Отрыжка её не оттолкнула.
“Джорджи, – я поёжился, – я совершенно точно не разрешал называть себя Джорджи. Не мог я настолько напиться. Никто не называет меня Джорджи, с тех пор как я перестал быть одним из близнецов”.
– В котором часу мы идём к твоим родителям? – спросила она.
Мерлин, я пригласил её в Нору на воскресный обед! Наверняка был пьян в стельку.

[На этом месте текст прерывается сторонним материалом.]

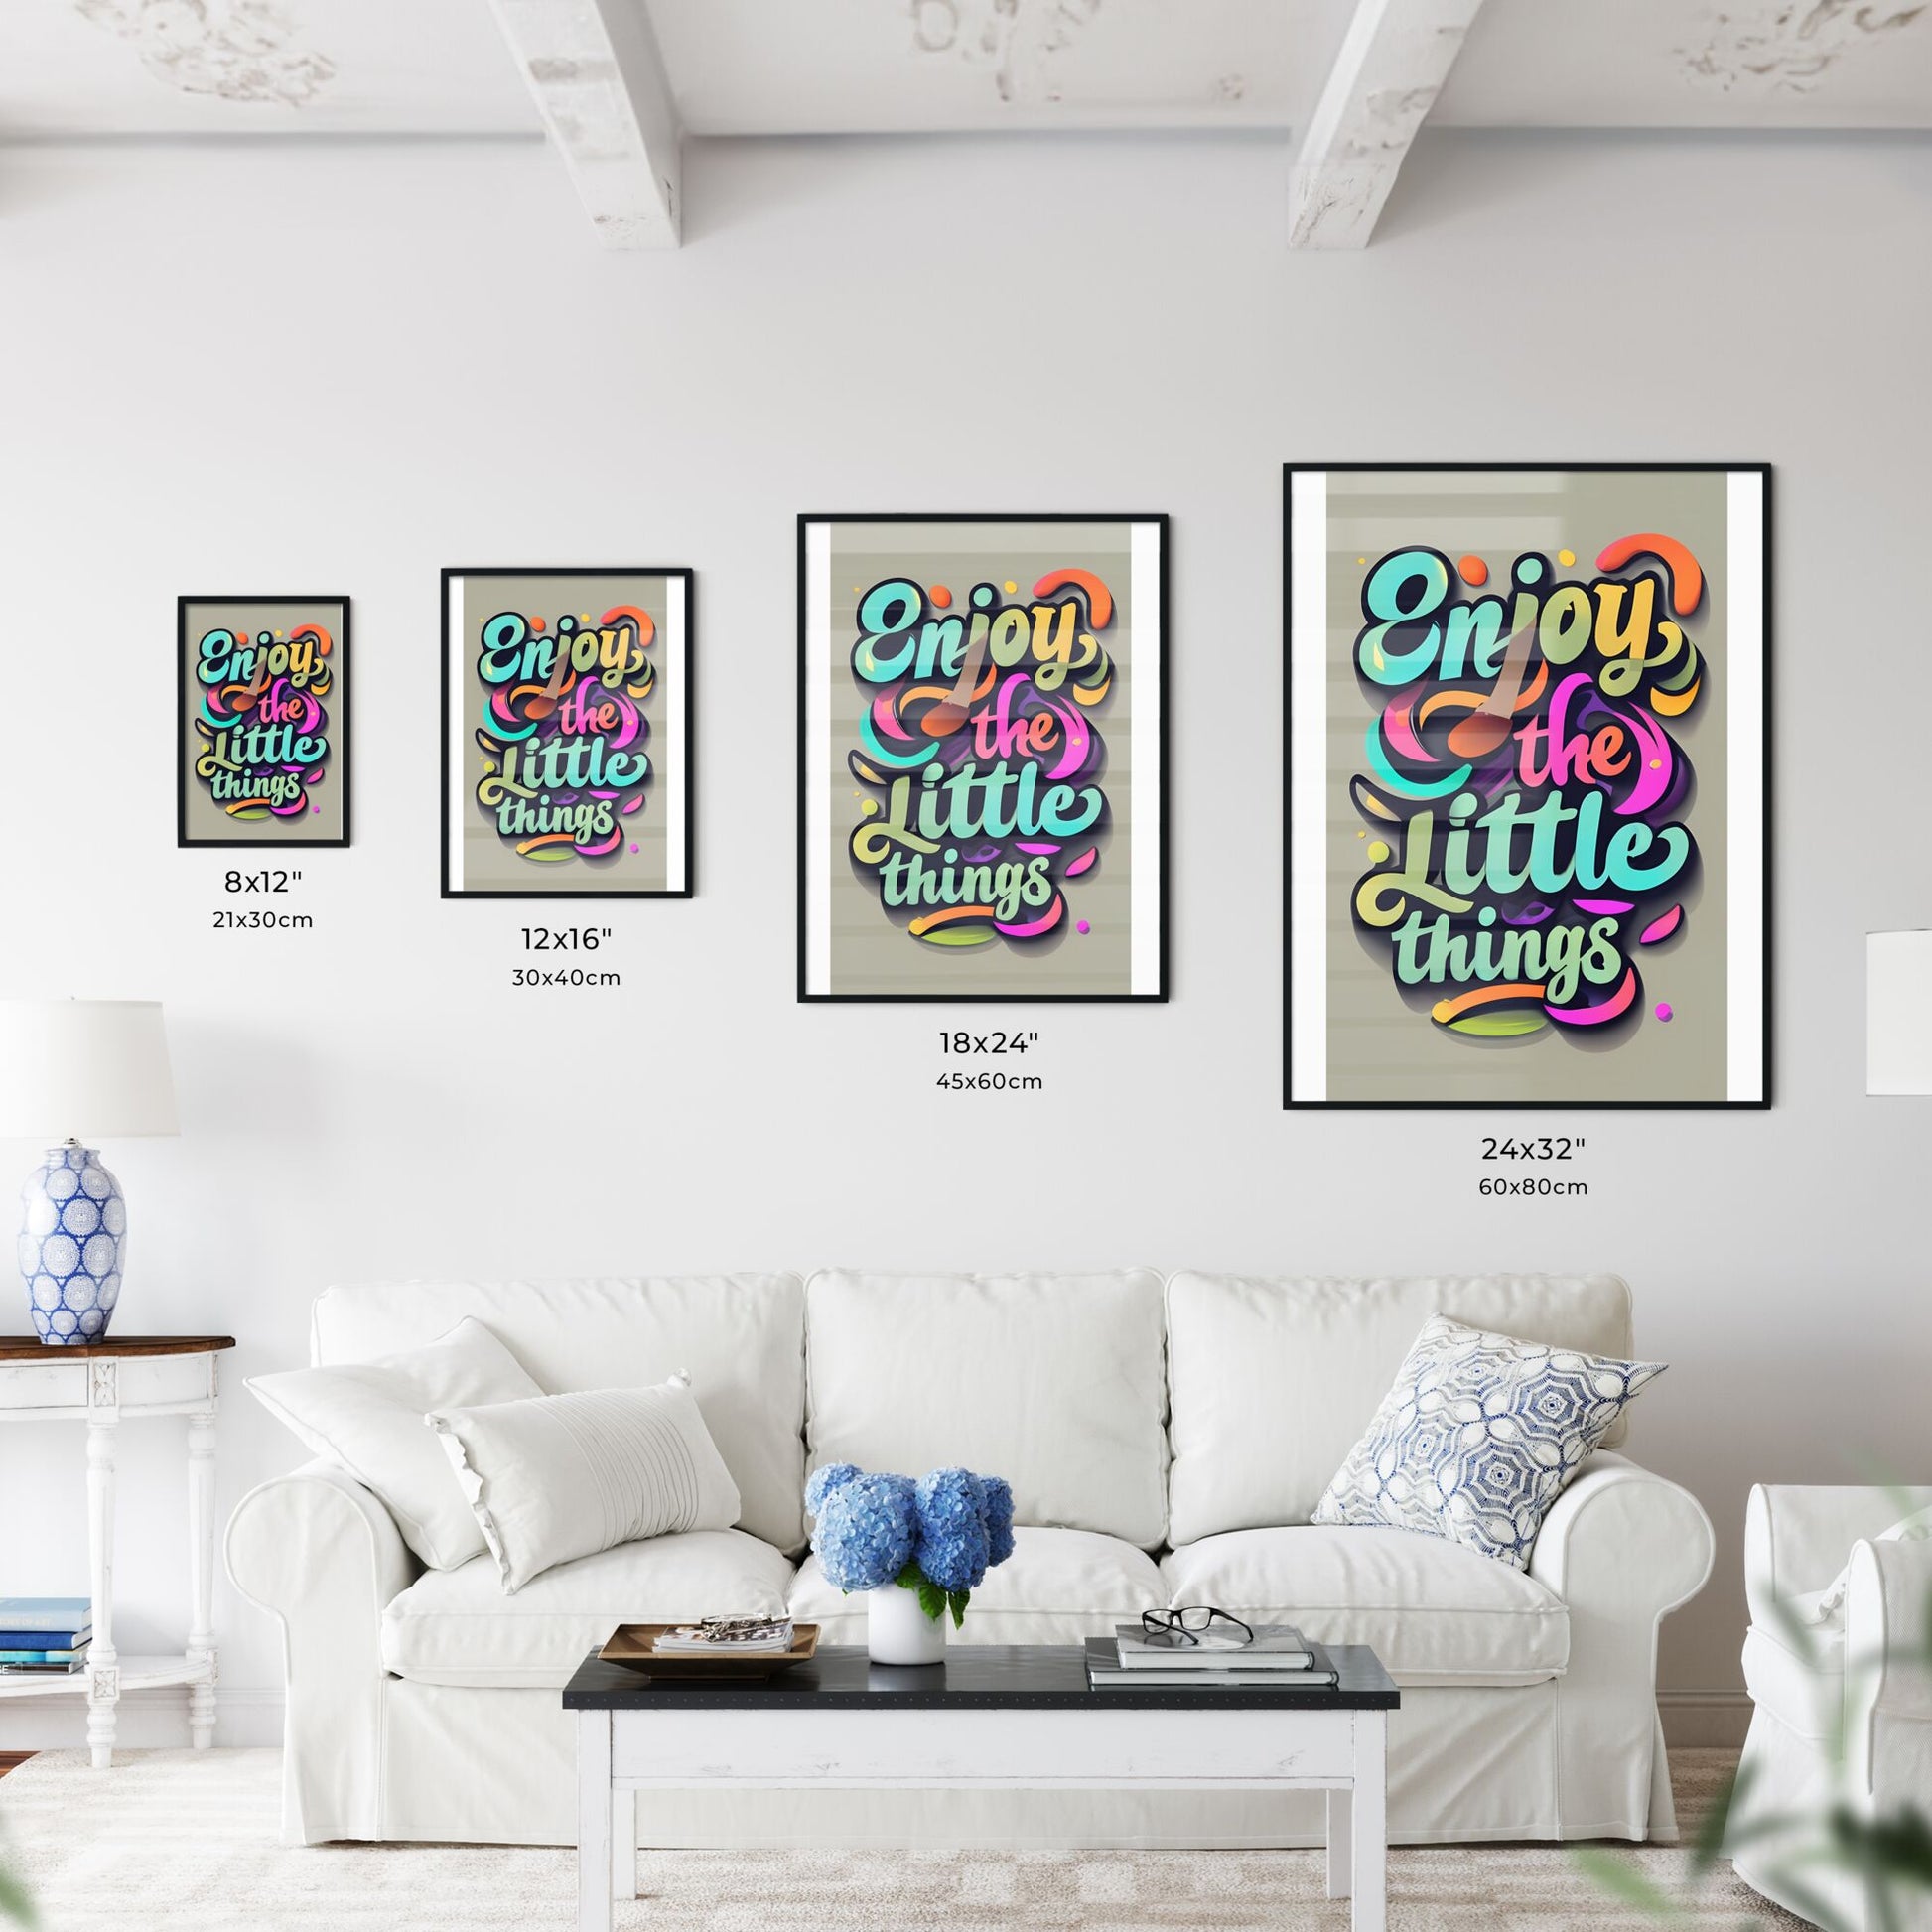 Enjoy The Little Things - A Colorful Text With A Brush Art Print Default Title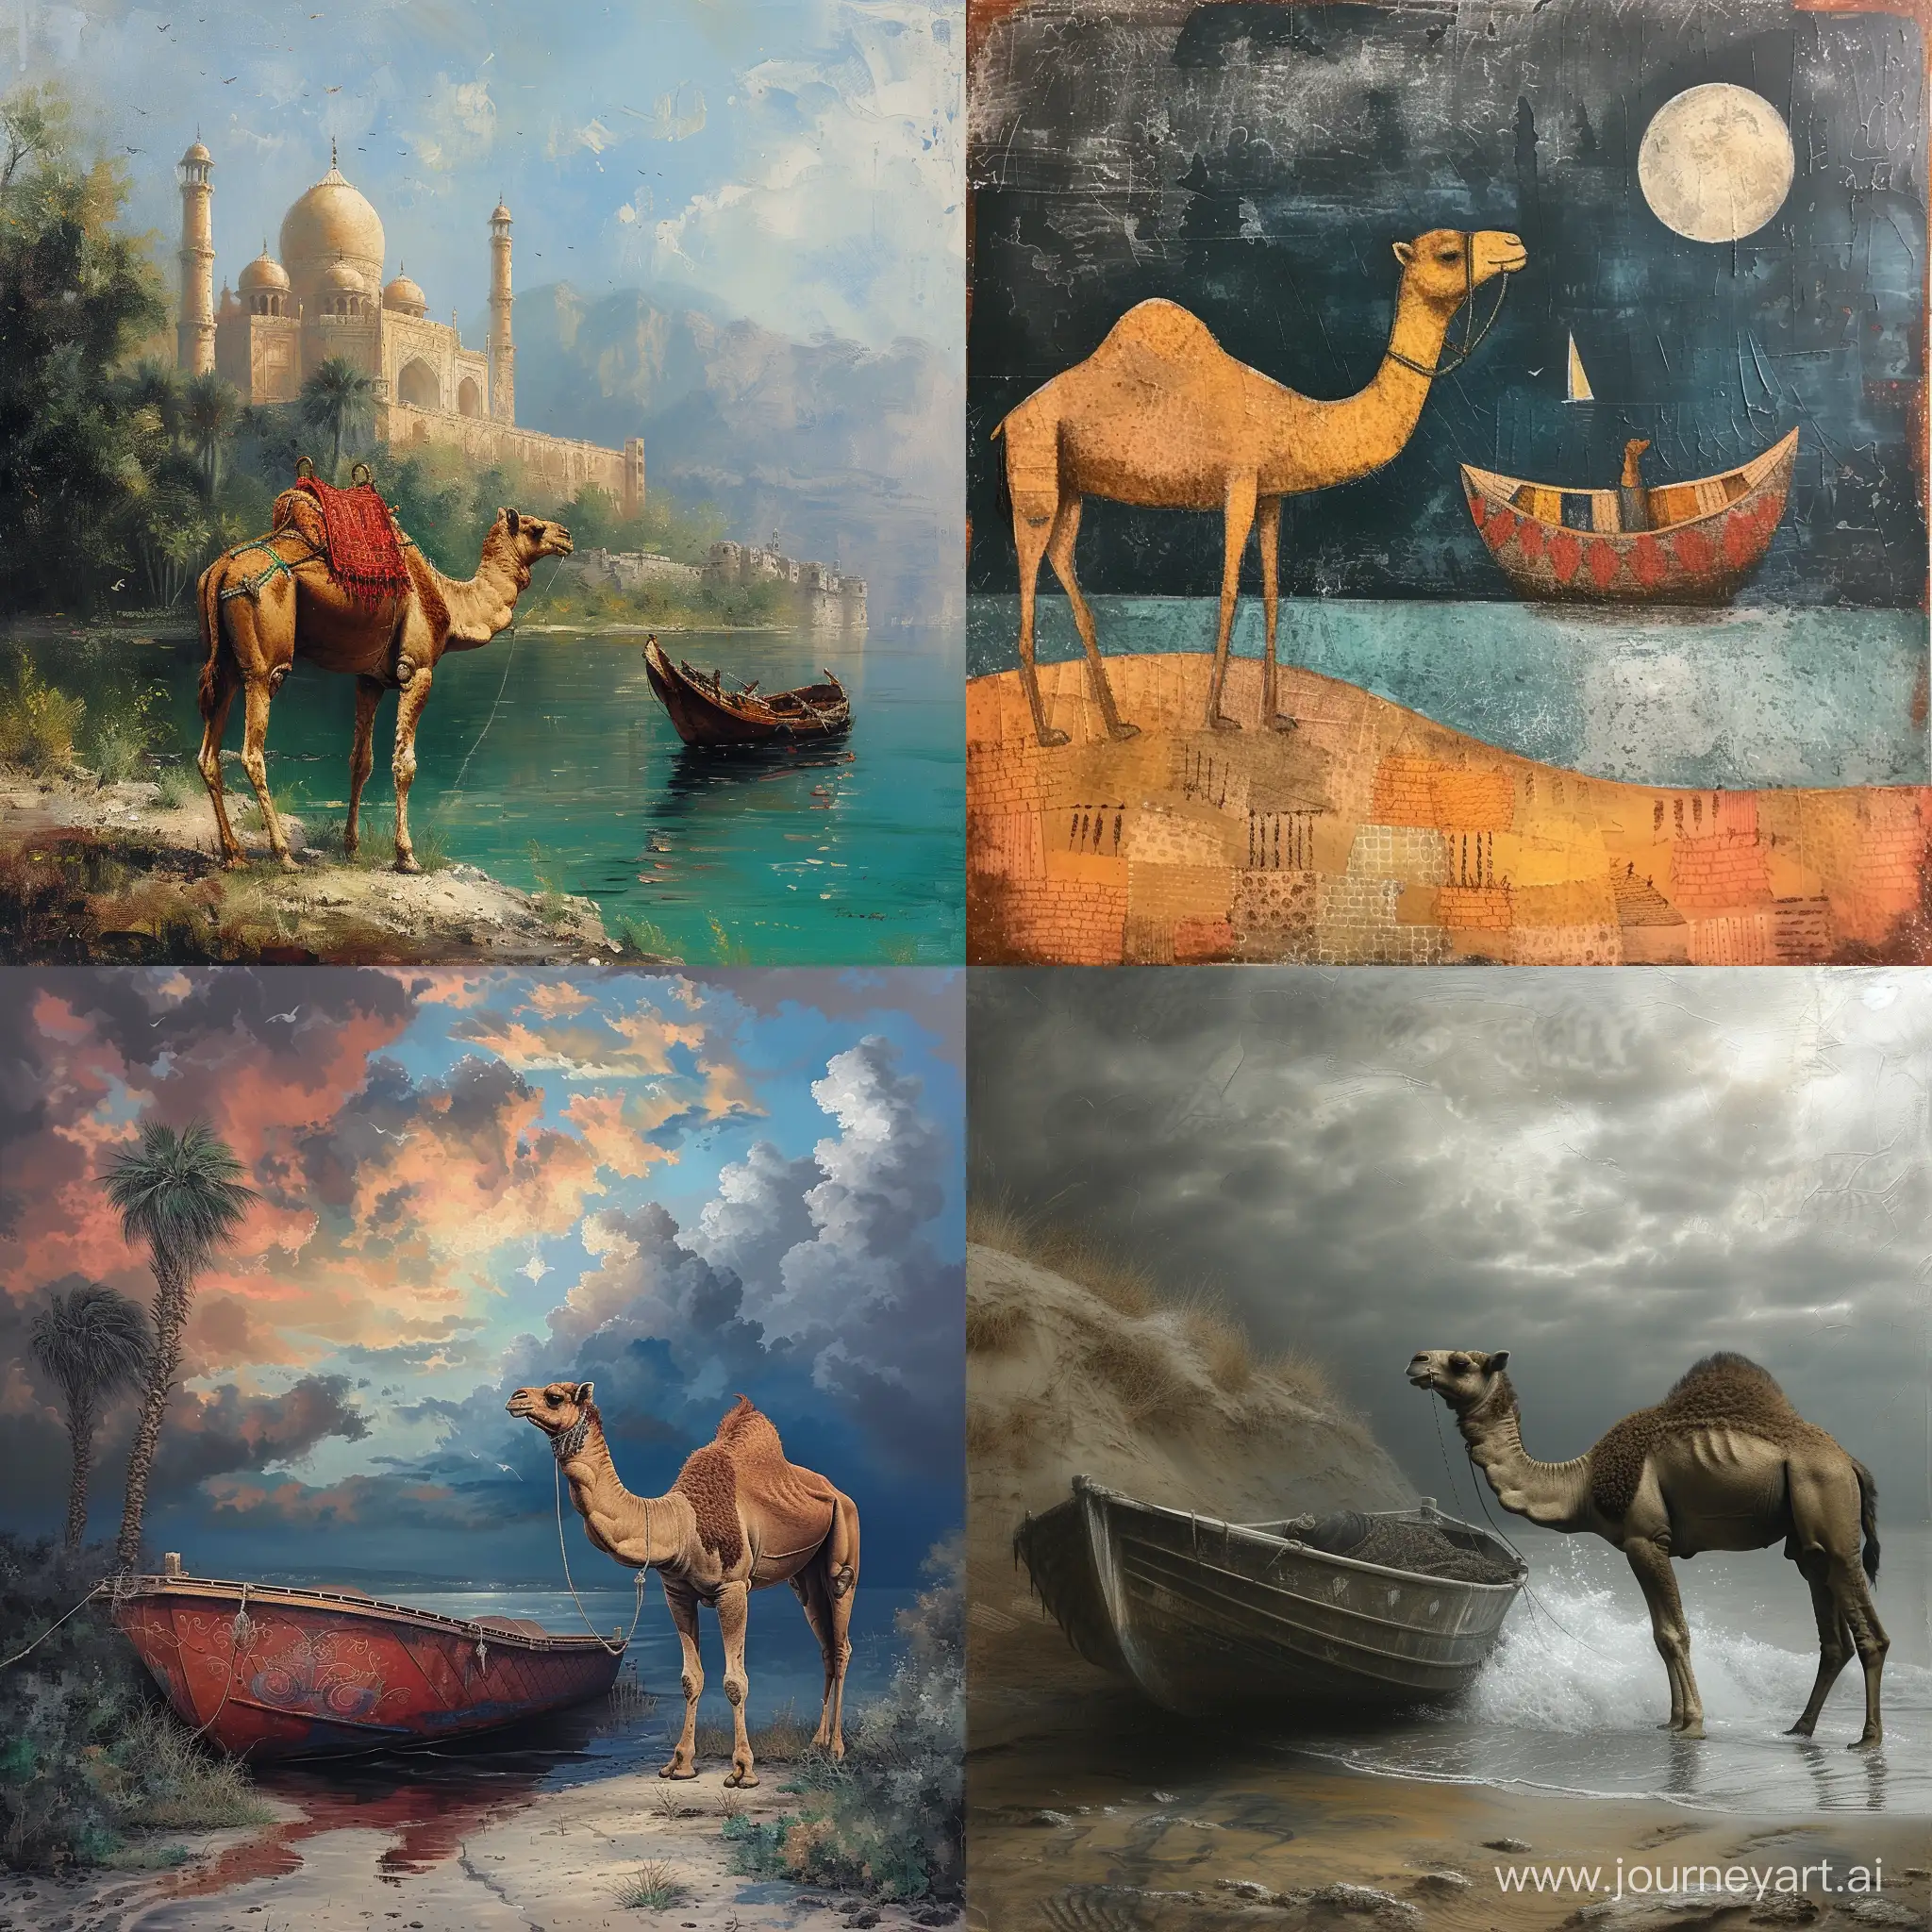 Playful-Boat-and-Camel-Merriment-in-a-Scenic-Setting

Девушка села на постели, демонстрируя тощую бледную спину, и пробудила некоторые смутные воспоминания о прошлом вечере. Мне вспомнилось, что она была зверски энергичной. Но как же её зовут? И почему мне всё время на ум приходит вейник?
“Да не вейник, – до меня дошло, – Вейн”.
Так её зовут. Рональда Вейн.
Рональда!
Нет, она не тёзка Рона, не может такого быть, это было бы…
Нет!
Не Рональда. Брунгильда? Нет, точно не Брунгильда.
Ромильда. Ромильда Вейн.
Тра-та-та, тра-та-та.
– Что это за шум, Джорджи? – спросила Ромильда.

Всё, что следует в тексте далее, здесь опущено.